Curiosity and context revisited: crassulacean acid metabolism in the Anthropocene.

J Exp Bot

School of Biochemistry and Molecular Biology, Australian National University, Canberra ACT 0200, Australia.

Published: October 2008

Having gained some understanding of the consequences of the CO(2)-concentrating mechanisms in crassulacean acid metabolism (CAM) that internalize the photosynthetic environment of the Cretaceous on a daily basis, it may be time to consider potential long-term effects of the planetary CO(2)-concentrating mechanism on growth and ecology of these plants in the Anthropocene. This paper emphasizes our limited understanding of the carbohydrate economy of CAM in relation to growth processes and briefly reviews recent studies of the diel cycles of growth in these plants. An inadvertent long-term, regional-scale experiment from the past is revisited in which an Opuntia monoculture grew to occupy >25 million hectares of farmland in central eastern Australia, producing a total biomass of about 1.5 billion tonnes in about 80 years. Although at the time it does not seem to have been recognized that this invasion involved CAM, a botanist from the University of Melbourne, Jean White-Haney emerges as a heroic pioneer in the control of the invader by poison and pioneered its biological control. The Opuntia population was expanding at 10-100 ha h(-1) when it was brought to a halt within a decade by the voracious appetite of Cactoblastis cactorum larvae. It is now known that the female parent moth of this predator detects CAM in O. stricta prior to oviposition by deploying the most sensitive CO(2) detector system yet found in the Lepidoptera.

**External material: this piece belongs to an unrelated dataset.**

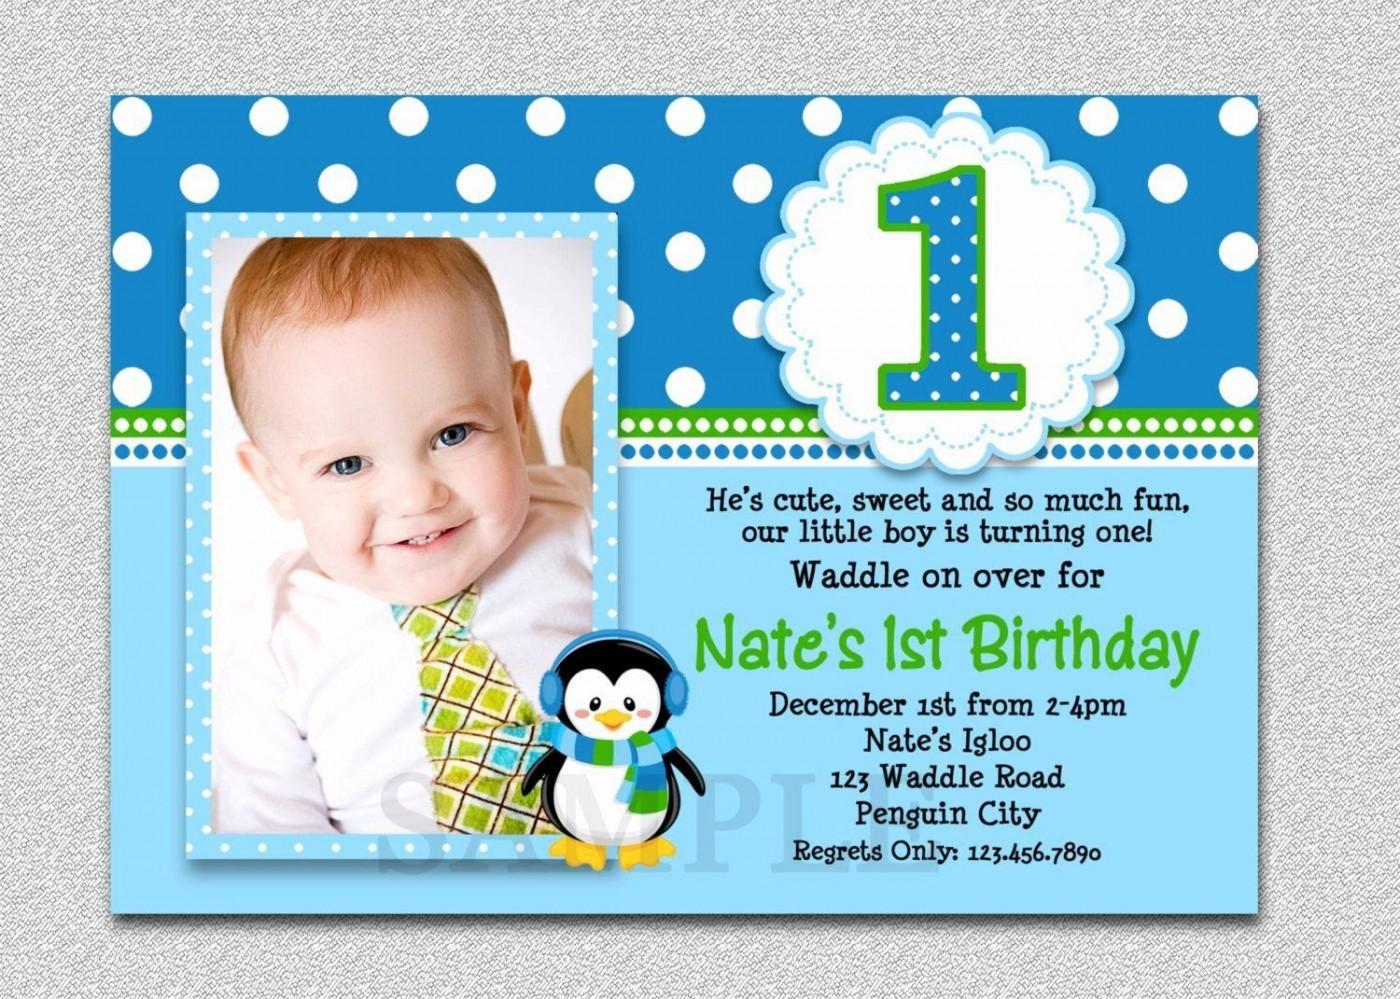 009 Dreaded Free Online 1st Birthday Invitation Card Maker For Twin Idea 1400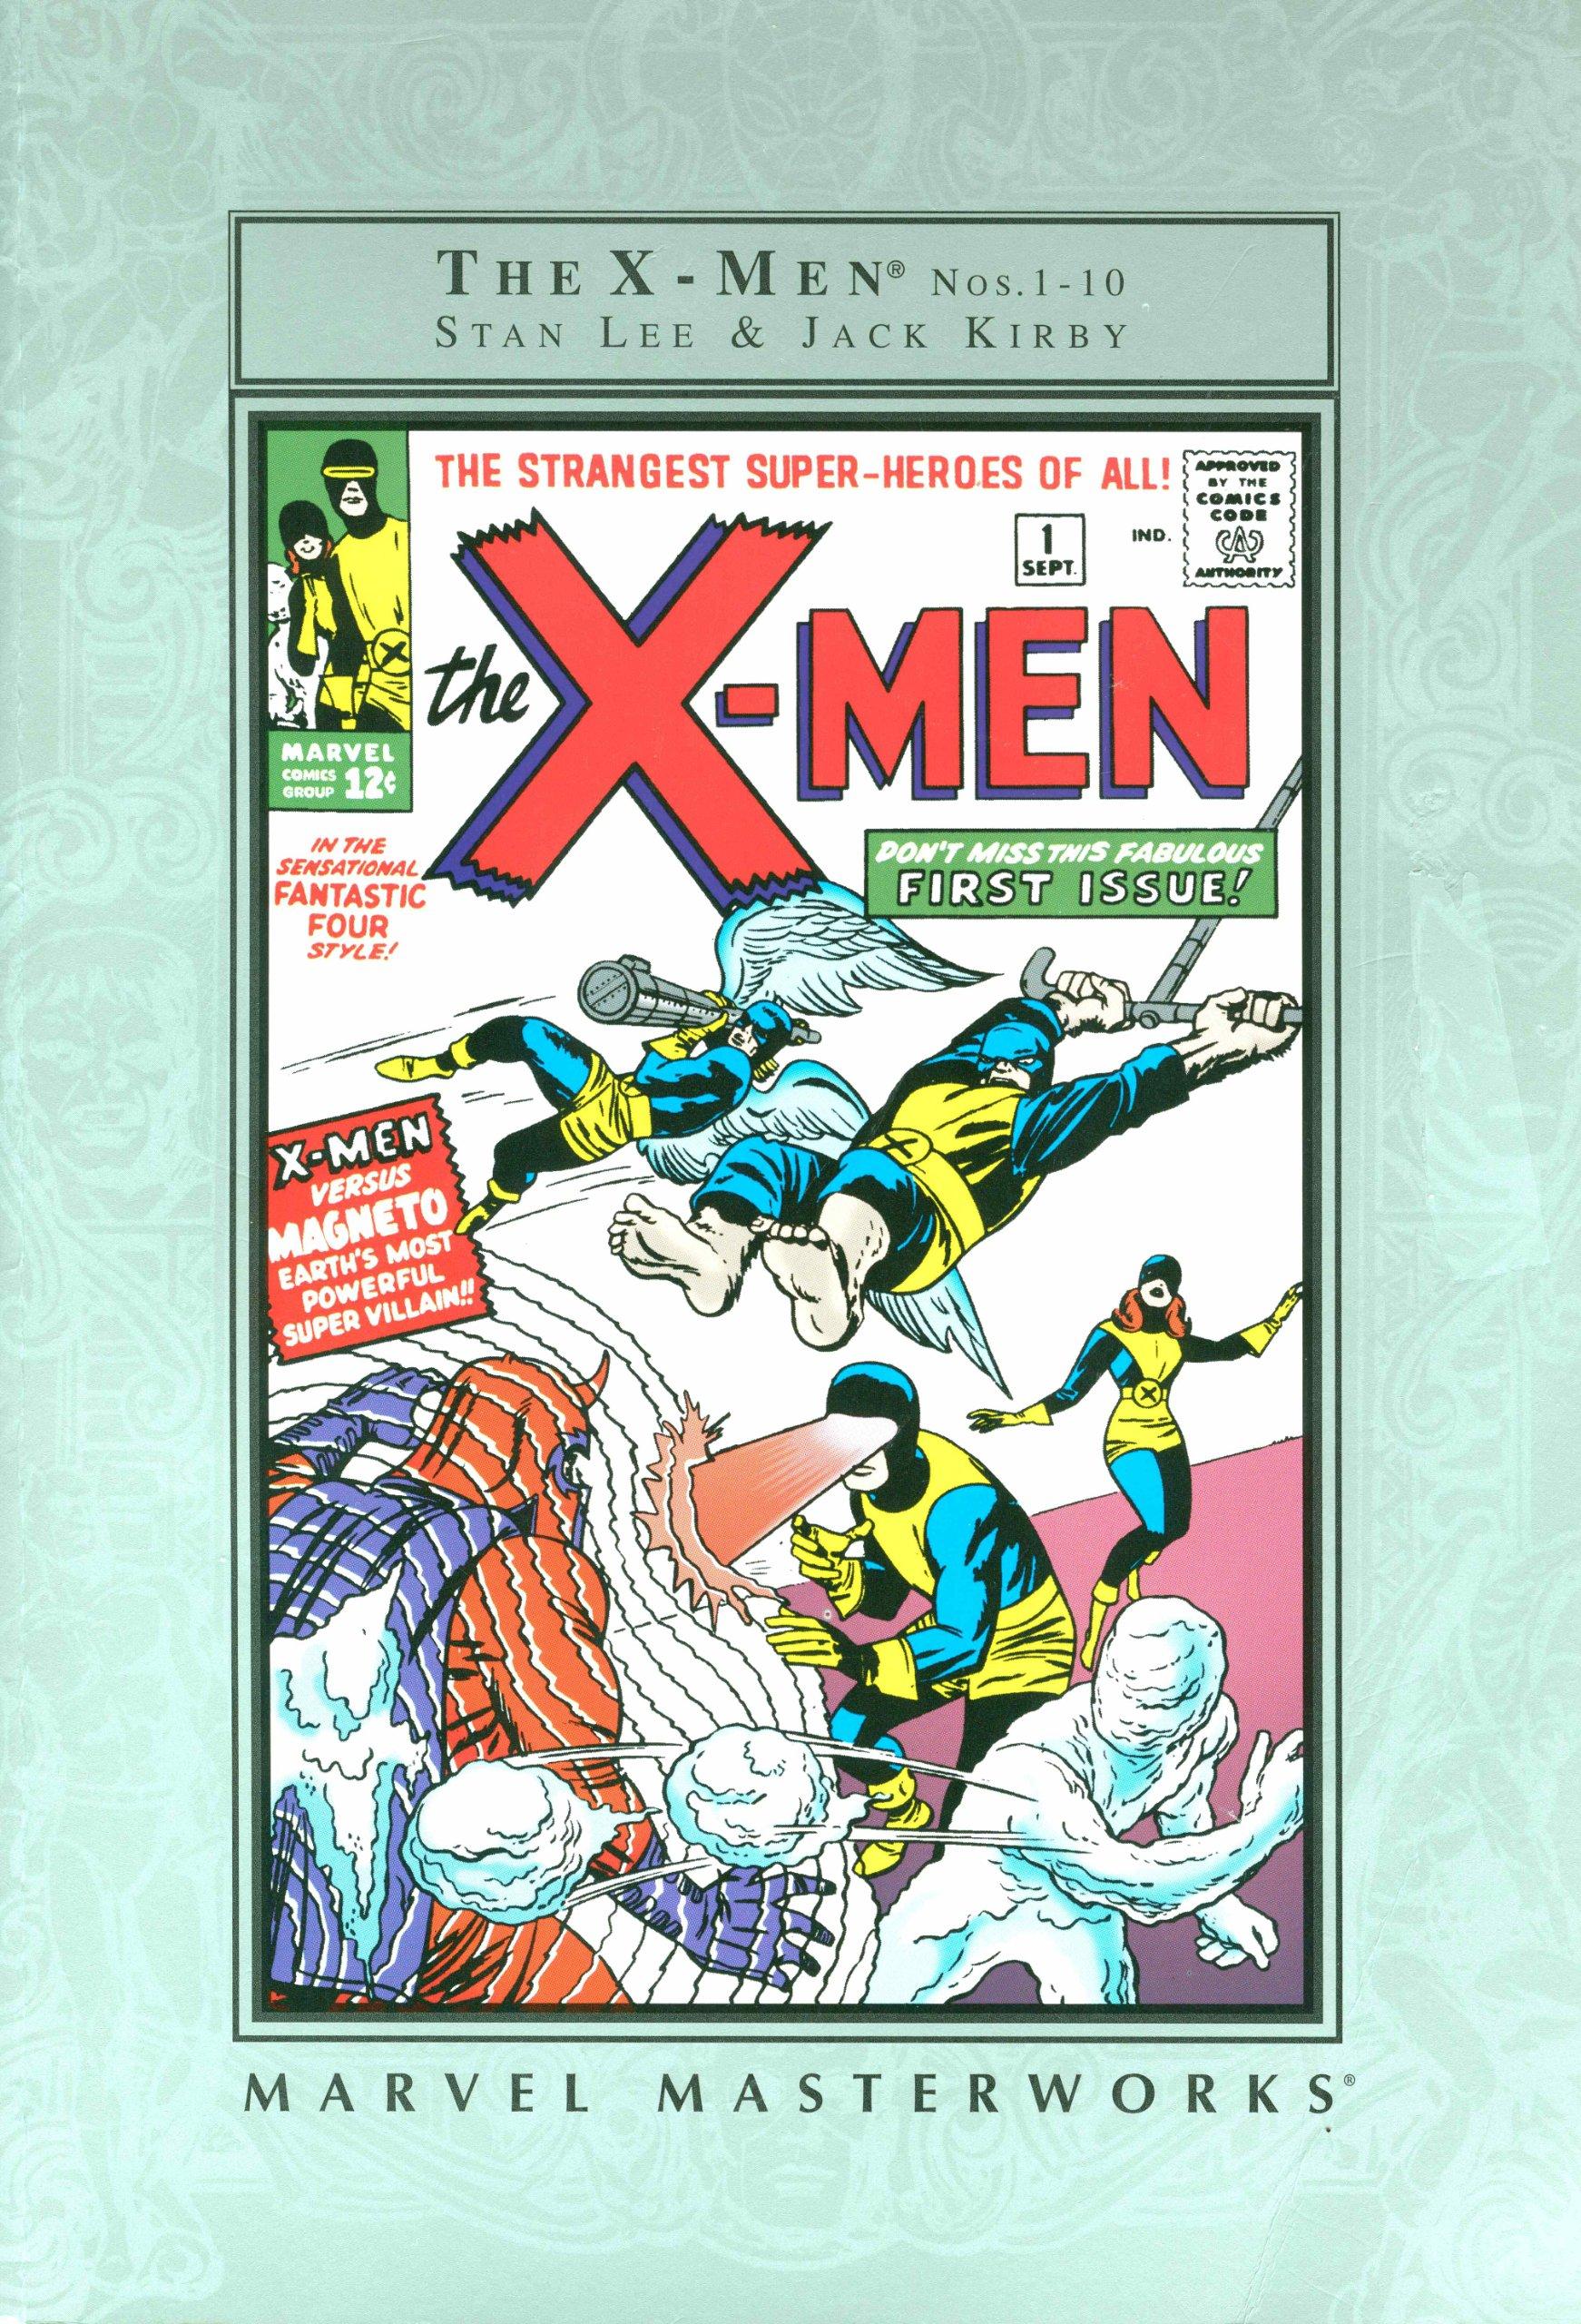 The X-men Nos. 1- 10 (Marvel Masterworks, Volume 1) PDF

The O. stricta invasion is a dramatic demonstration of the capacity of CAM plants to attain and sustain high biomass; to sequester and retain atmospheric CO(2). In conclusion, experiments are reviewed that show stimulation of CO(2) assimilation, growth, and biomass of CAM plants by elevated atmospheric [CO(2)], and the proposition that these plants may have a role in atmospheric CO(2) sequestration is re-examined. This role may be compromised by predators such as Cactoblastis. However the moth CO(2) sensors are adapted to pre-industrial atmospheric [CO(2)] and FACE (free-air CO(2) enrichment) experiments show this exquisite system of biological control is also compromised by rising global [CO(2)] in the Anthropocene.